The following introduces the current applications of supercomputing Internet in various industries:

We will focus on developing the supercomputing Internet in the second half of 2022, but in fact we have been laying out the layout since 2016, so we already have some applications in many industries: including oceans, materials, meteorology, and environmental protection. , ecology, industrial simulation, education and other aspects.

This is the ocean coupling model, which is an interconnected network that we jointly built with the Laoshan Laboratory. As you can see, calculations in the ocean may be relatively complicated. Ocean model calculations and atmospheric model calculations are required. The current atmospheric model is performed on the Qingdao supercomputer, and the ocean model is performed on the Jinan supercomputer, and then file coupling is performed. This is the first time we have implemented remote collaborative computing in 2023, and has achieved good results.

In the field of remote sensing, we also have a relatively complete data flow scenario. This is the data from the National Earth Observation Scientific Data Center: first it is transmitted to Jinan Supercomputer through a dedicated line, and then it is stored in block files through some sorting and storage operations. In storage such as objects, data products are produced and shared after processing. This is also our first system for data collection and processing that separates cross-domain storage and calculation. We also applied to establish the National Earth Observation Depository and Computing Center.

In the field of digital government, because e-government itself is in our unit, we currently support the efficient operation of 30 provincial units and 300 government systems in Shandong Province. Of course, this is mainly operations on the cloud, which is to make resources Elastic expansion.

In fields such as medical care and education, cloud and edge work is mainly done. It is the computing and storage network provided by Suanwang, including the scheduled transfer mentioned above. In the smart campus scenario, we have done the project of Qilu University of Technology, and we have done more in campus application scenarios.

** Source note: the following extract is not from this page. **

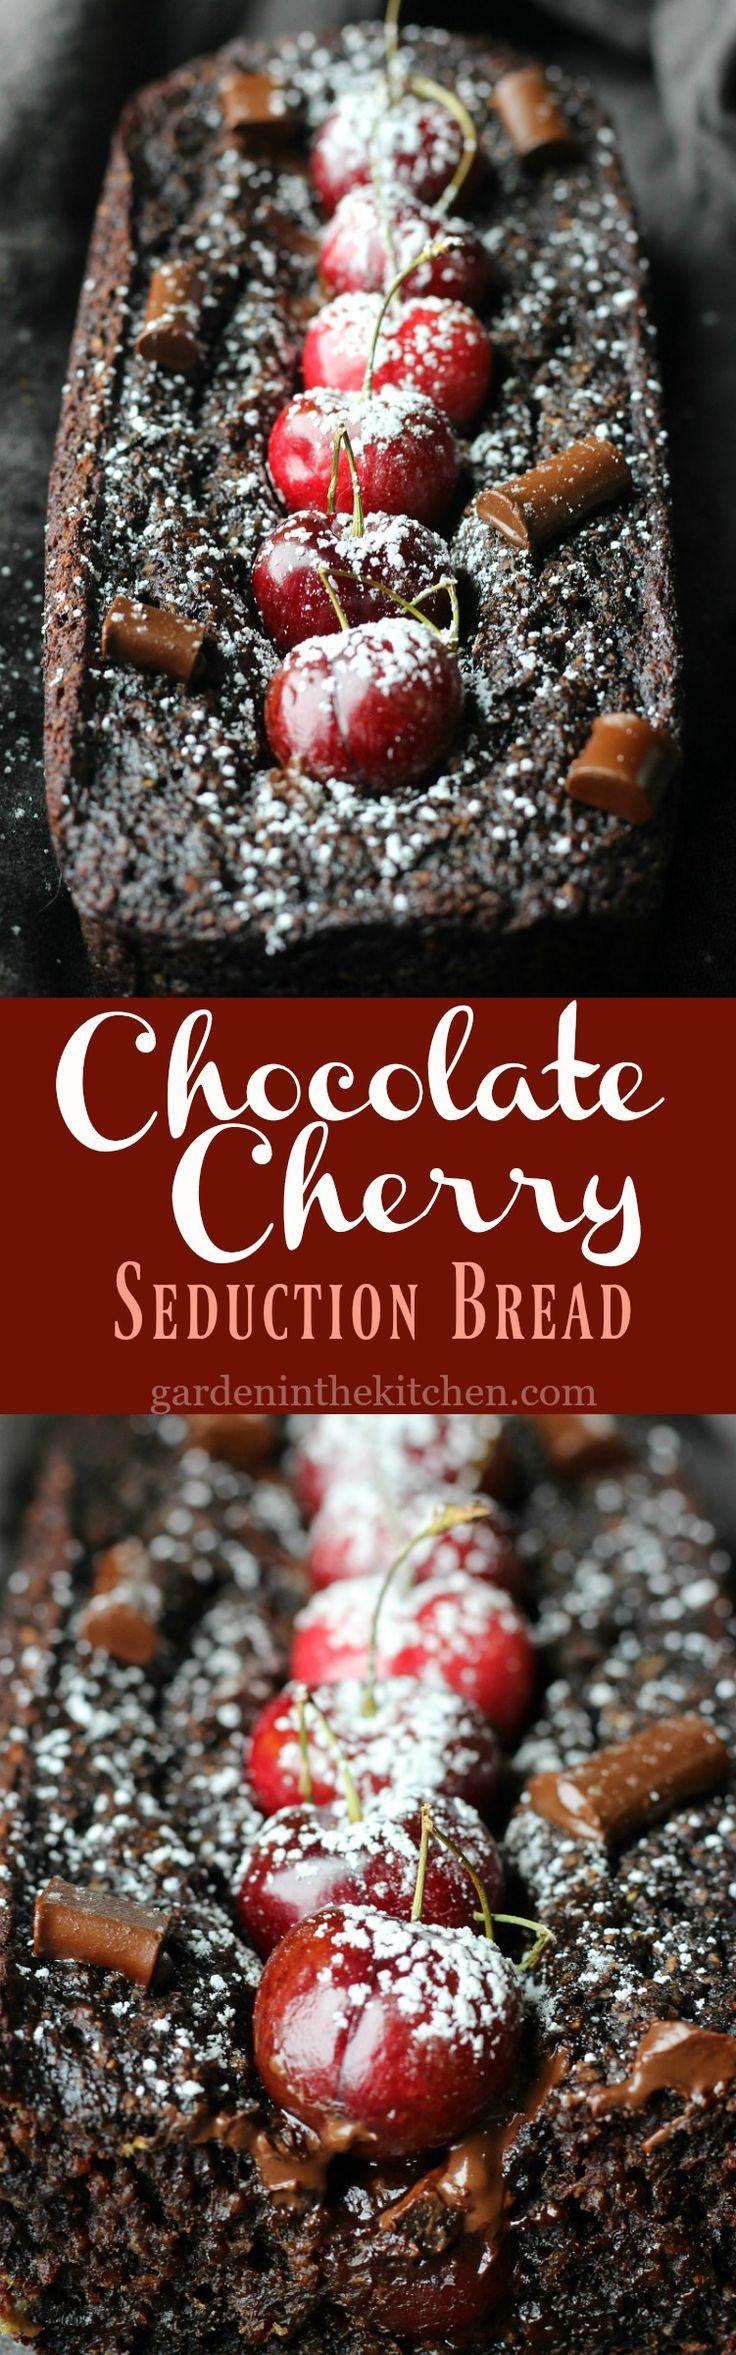 Chocolate Cherry Seduction Bread

Finally, let me introduce the company. Our applications cover more than 2,000 enterprises/universities/institutions across the country, and have also received wide recognition at home and abroad. I think it is actually necessary to build a computing power network, which will help revitalize our current stock of computing power resources. If we have a supercomputing Internet, we should improve the utilization of computing resources, enable computing power to be monetized, and allow computing power centers, supercomputing centers and other data centers to operate sustainably and healthily, and in some supercomputing ecosystems, It has better applications in the fields of environmental protection, oceans, and remote sensing, and I believe there will be broader application scenarios in the future.